------ Data segment
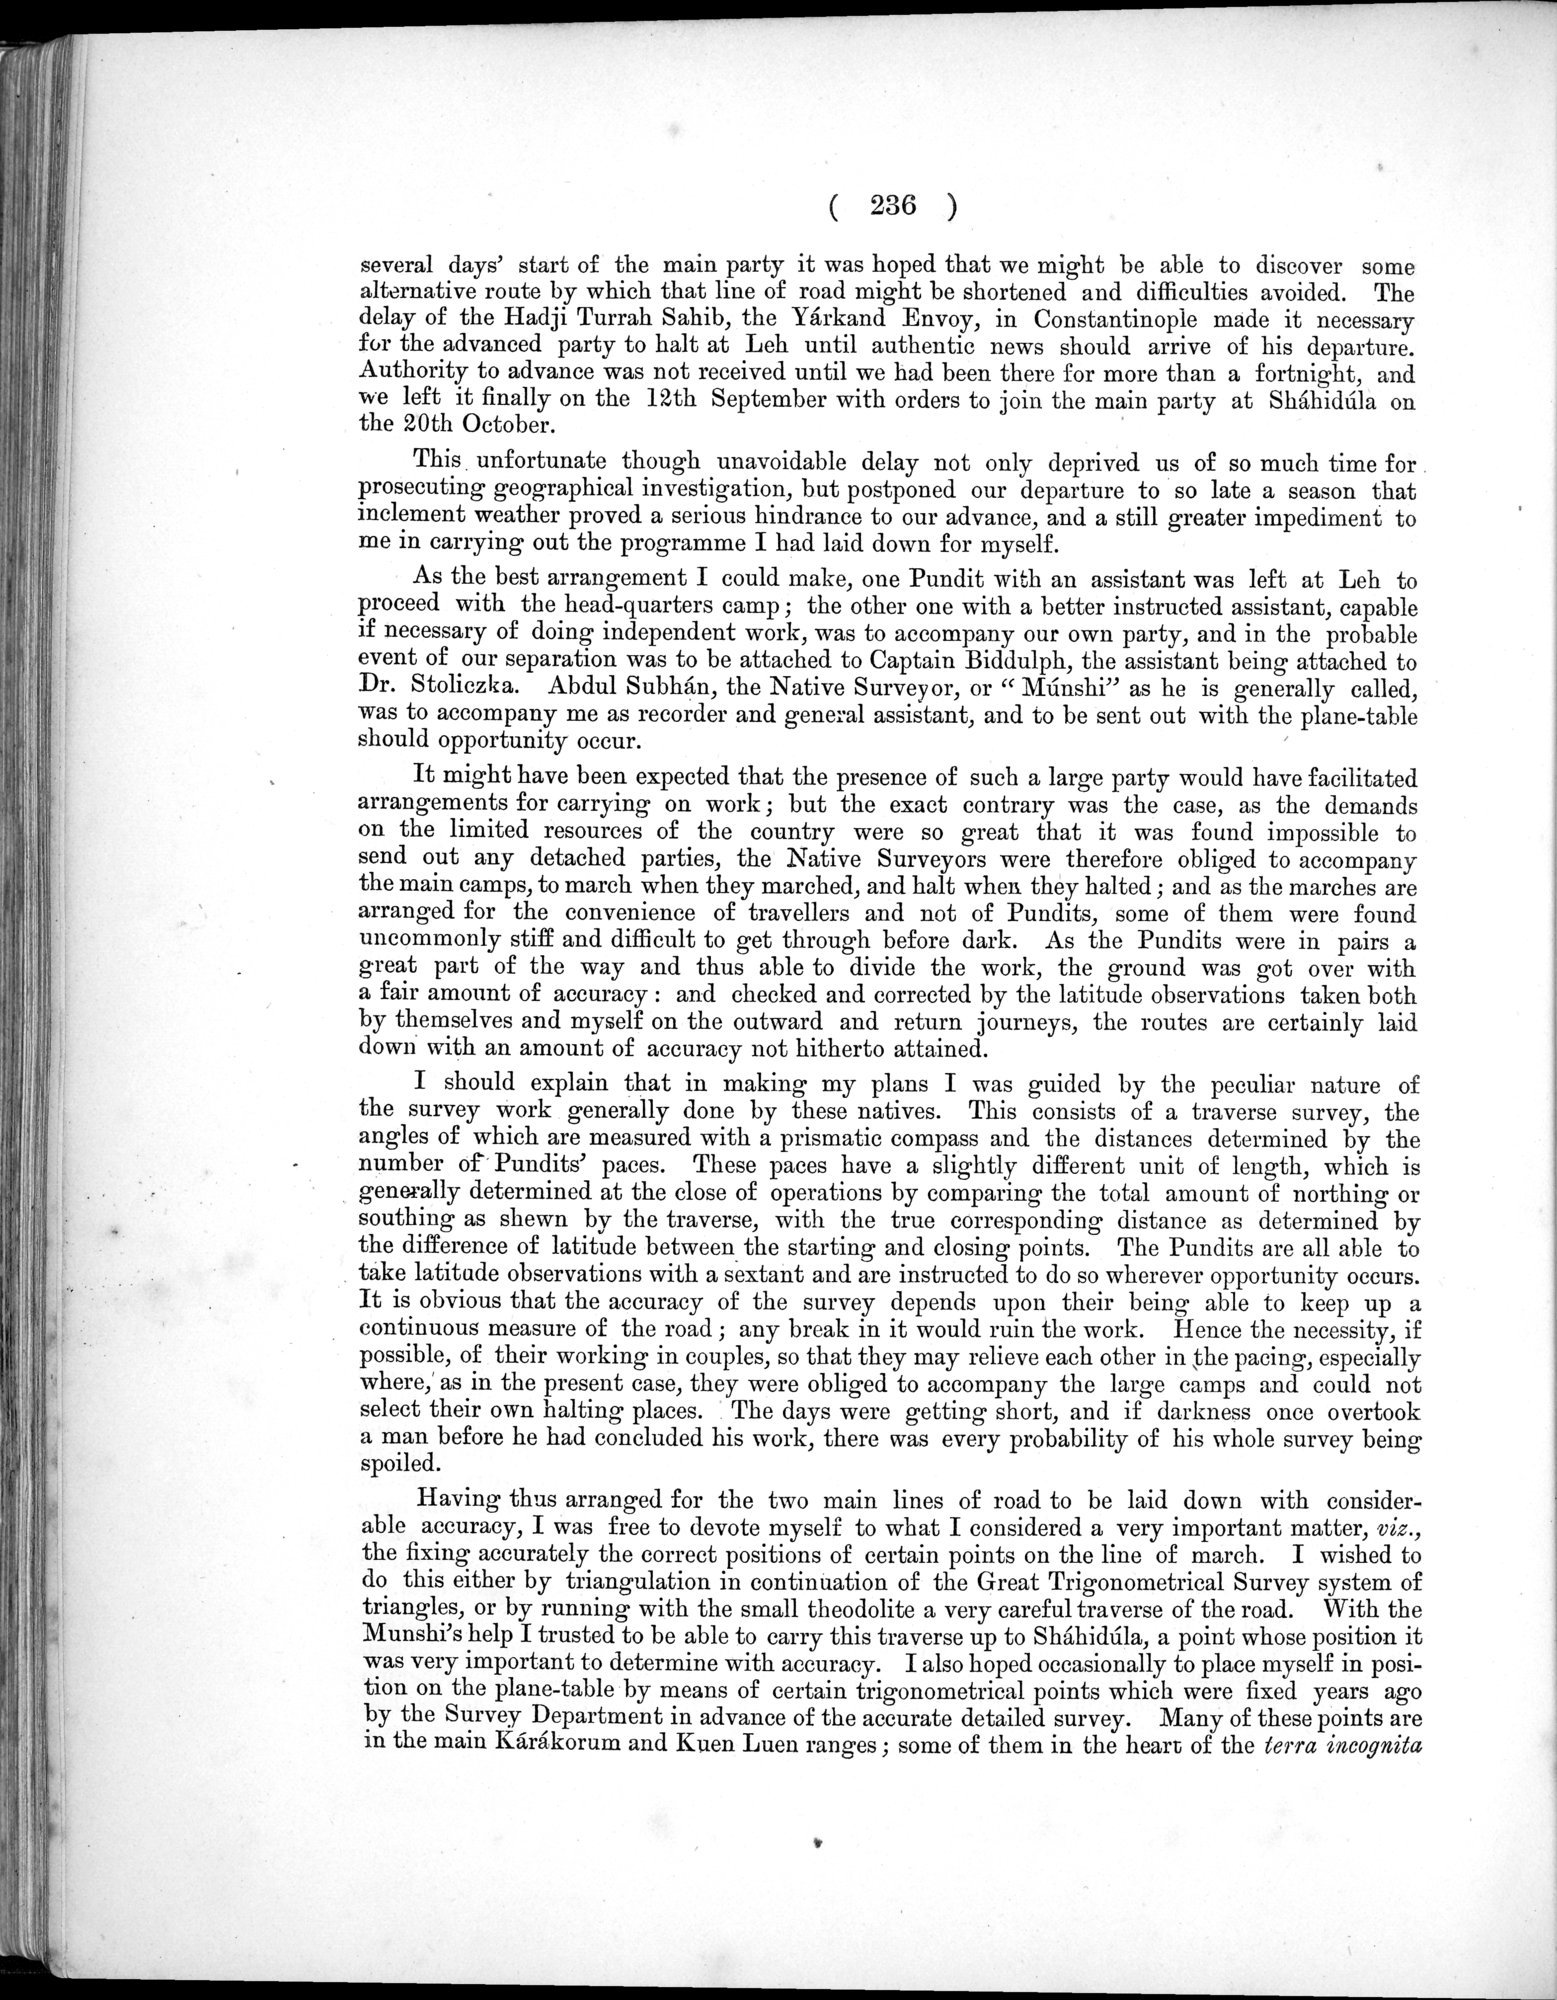 Report of a Mission to Yarkund in 1873 : vol.1 / Page 336 (Grayscale High Resolution Image)
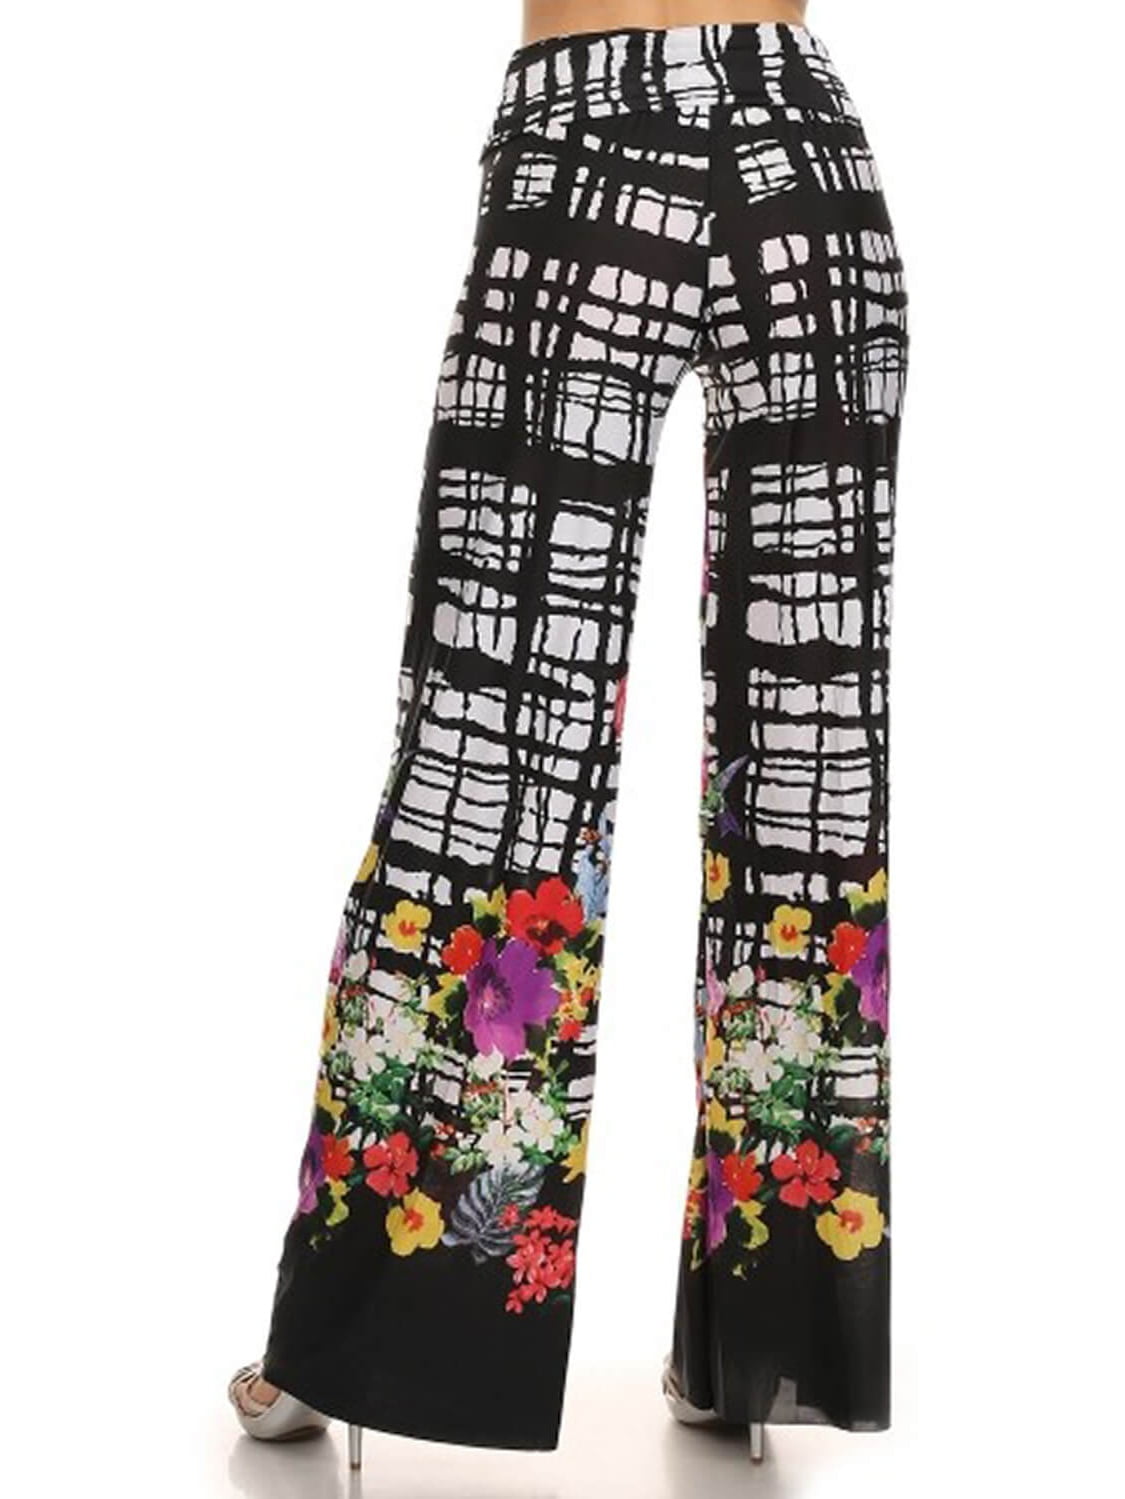 Black and White Damask Print Palazzo Pants with Fold-Over Waist, Small
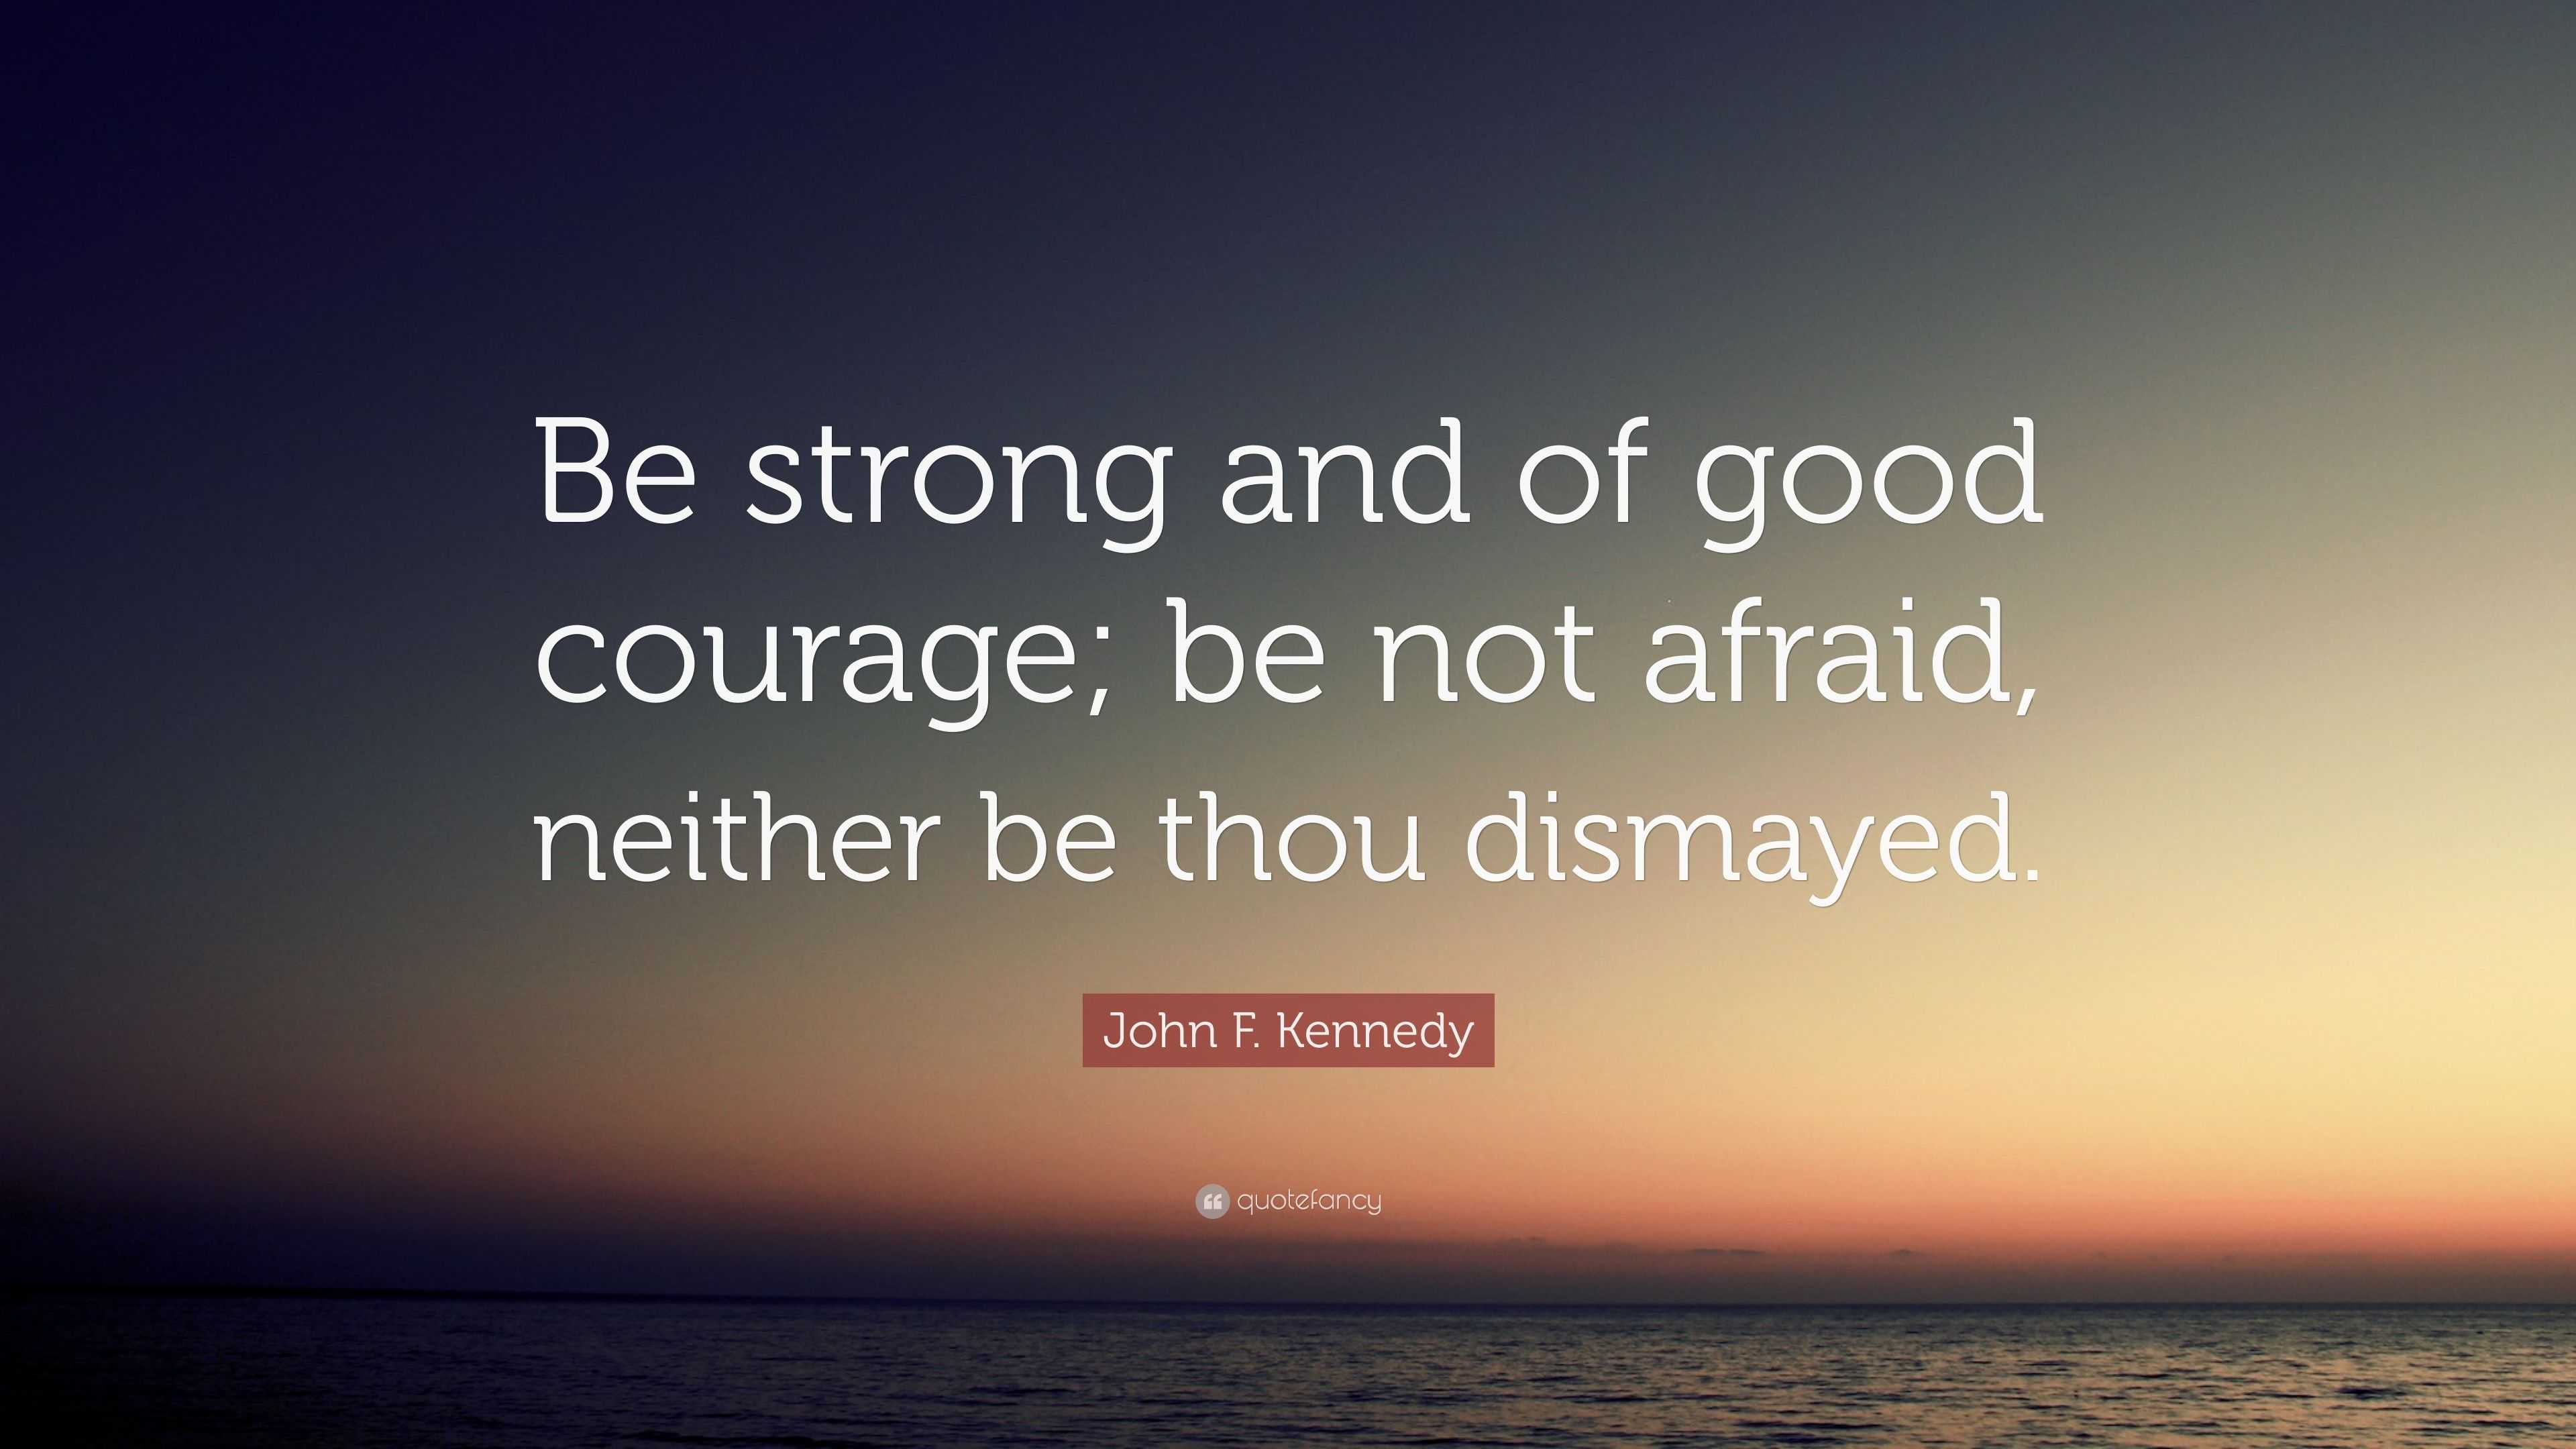 John F. Kennedy Quote: “Be strong and of good courage; be not afraid
------------
_Activity_
If the listing above includes images, copy every line of it exactly except those images.

_The answer_
 Report of a Mission to Yarkund in 1873 : vol.1 / Page 336 (Grayscale High Resolution Image)
 Black and White Damask Print Palazzo Pants with Fold-Over Waist, Small
 John F. Kennedy Quote: “Be strong and of good courage; be not afraid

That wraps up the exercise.